[Collected material Boundary: Start]

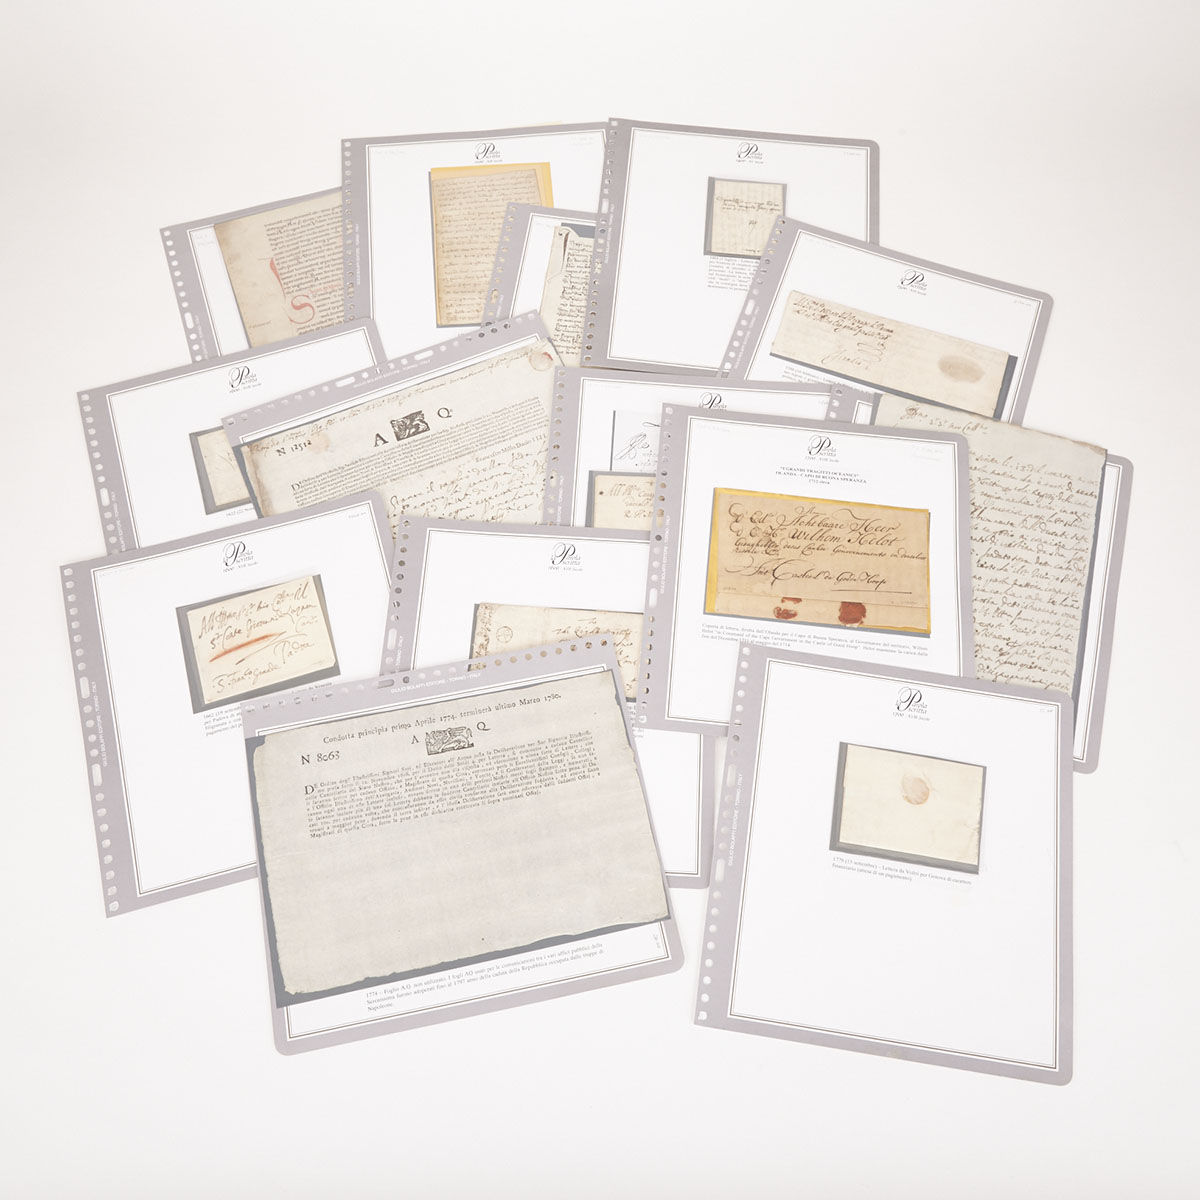 La Parola Scritta: Boxed Album of Fourteen Mostly Italian Documents, 12th Century to 18th Century
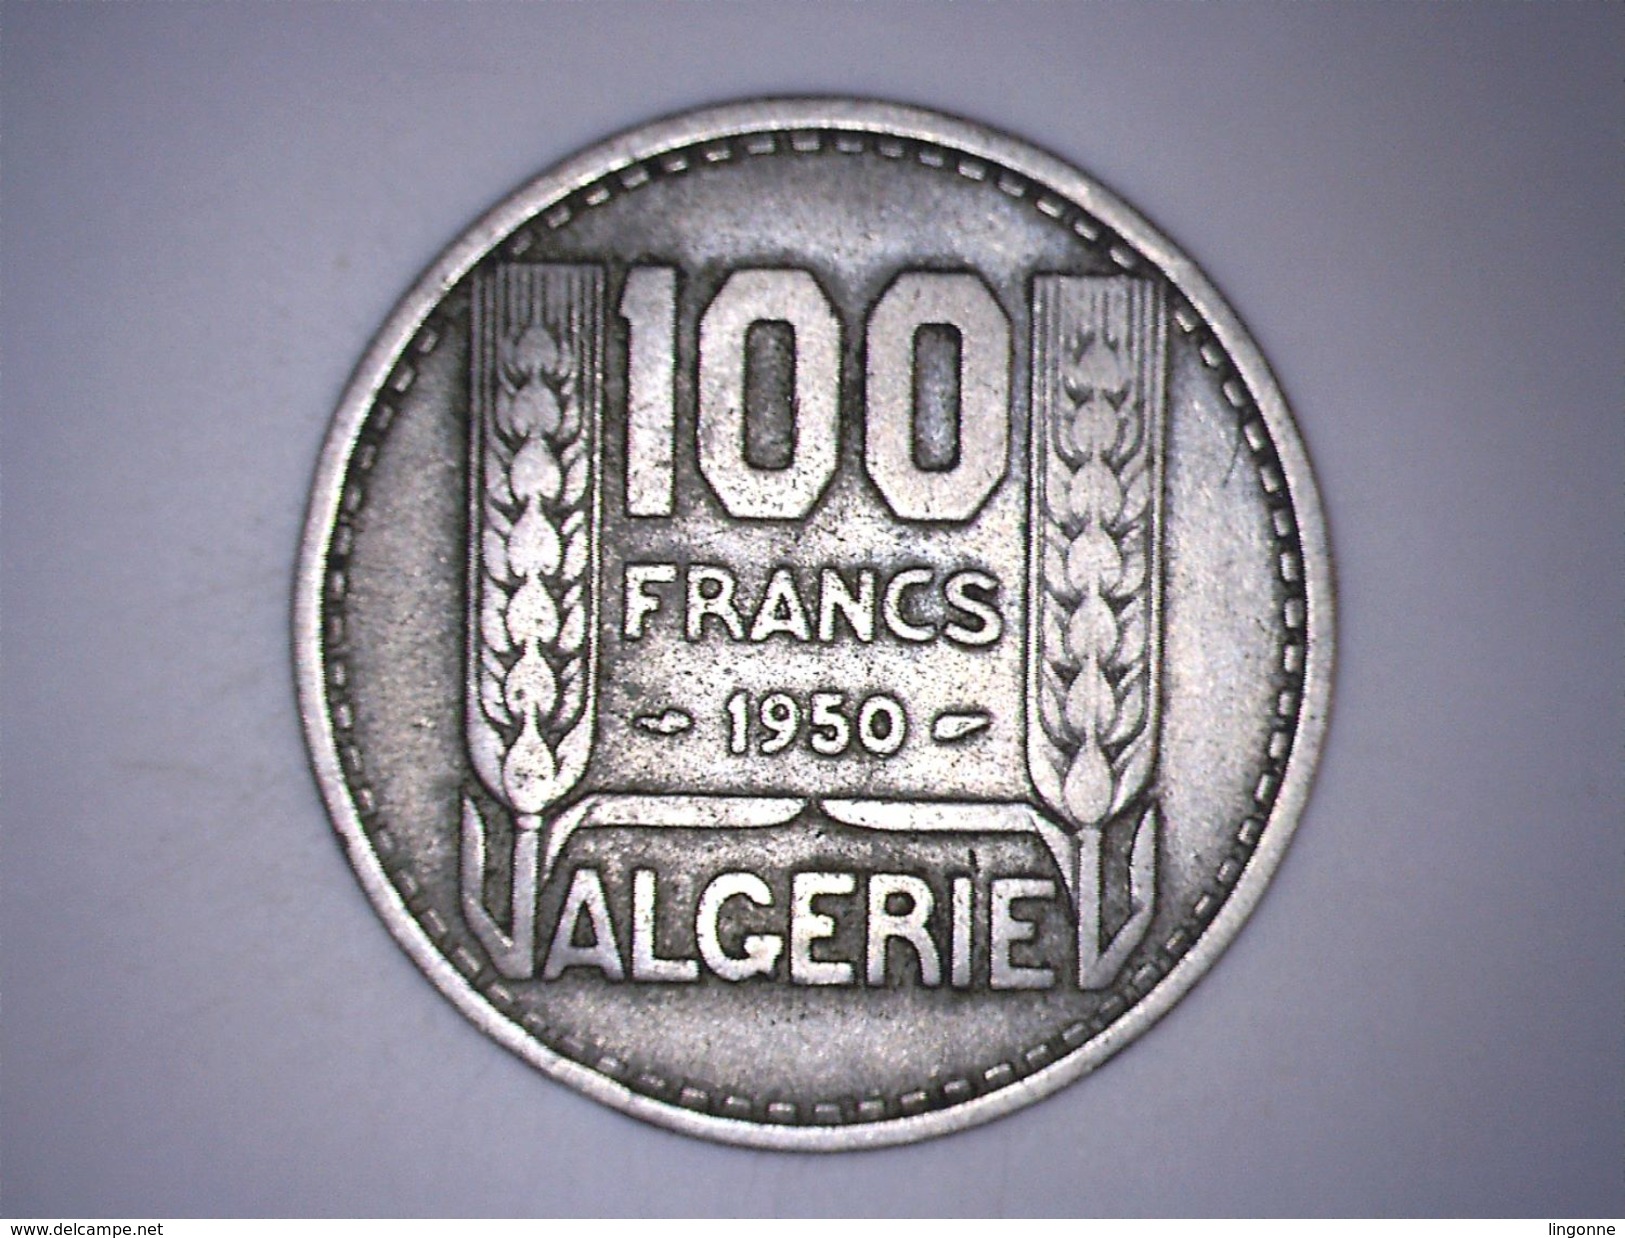 ALGERIE / ALGERIA 100 FRANCS 1950 - Argelia
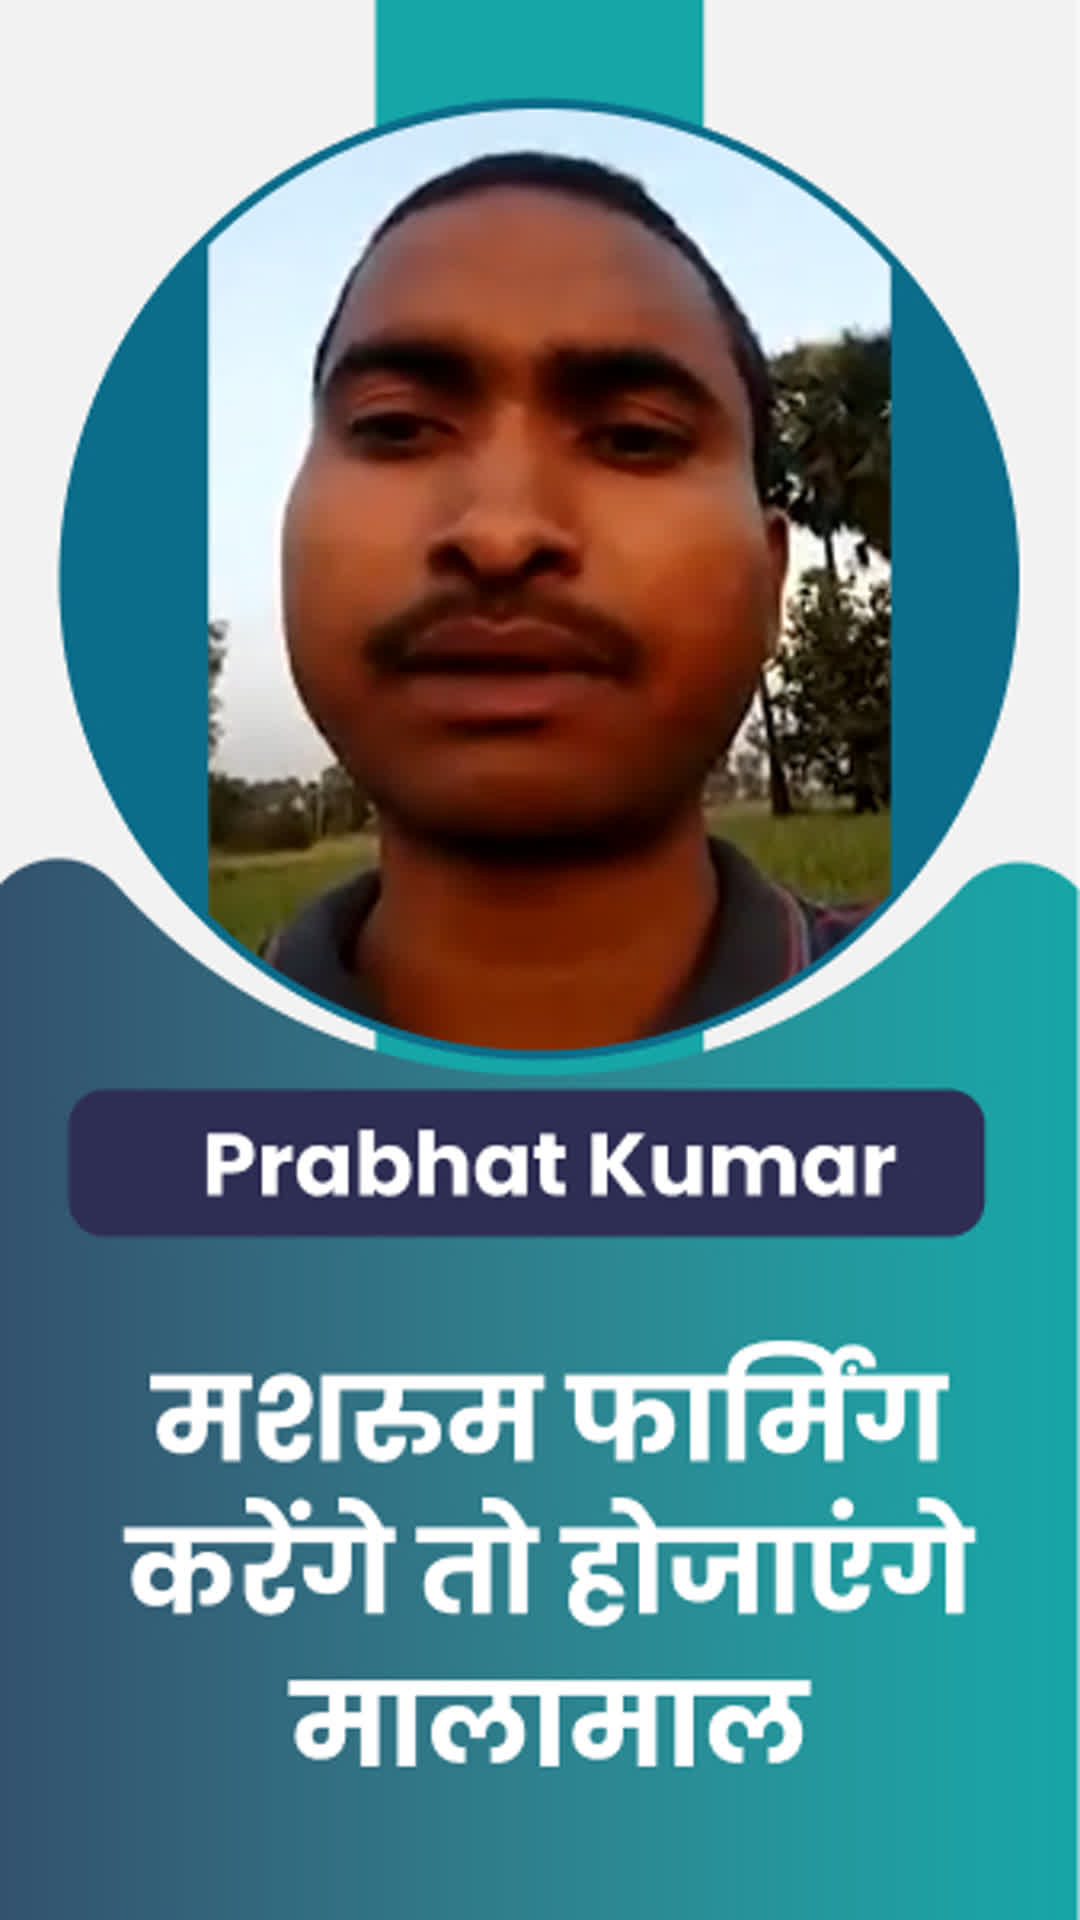 Prabhat Kumar's Honest Review of ffreedom app - Nalanda ,Bihar

[Collected material Boundary: End]

_The task_: Write the data above out again exactly, every line of it, and exclude the pictures.

_Exercise solution_:
 La Parola Scritta: Boxed Album of Fourteen Mostly Italian Documents, 12th Century to 18th Century
 ALGERIE / ALGERIA 100 FRANCS 1950 - Argelia
 Prabhat Kumar's Honest Review of ffreedom app - Nalanda ,Bihar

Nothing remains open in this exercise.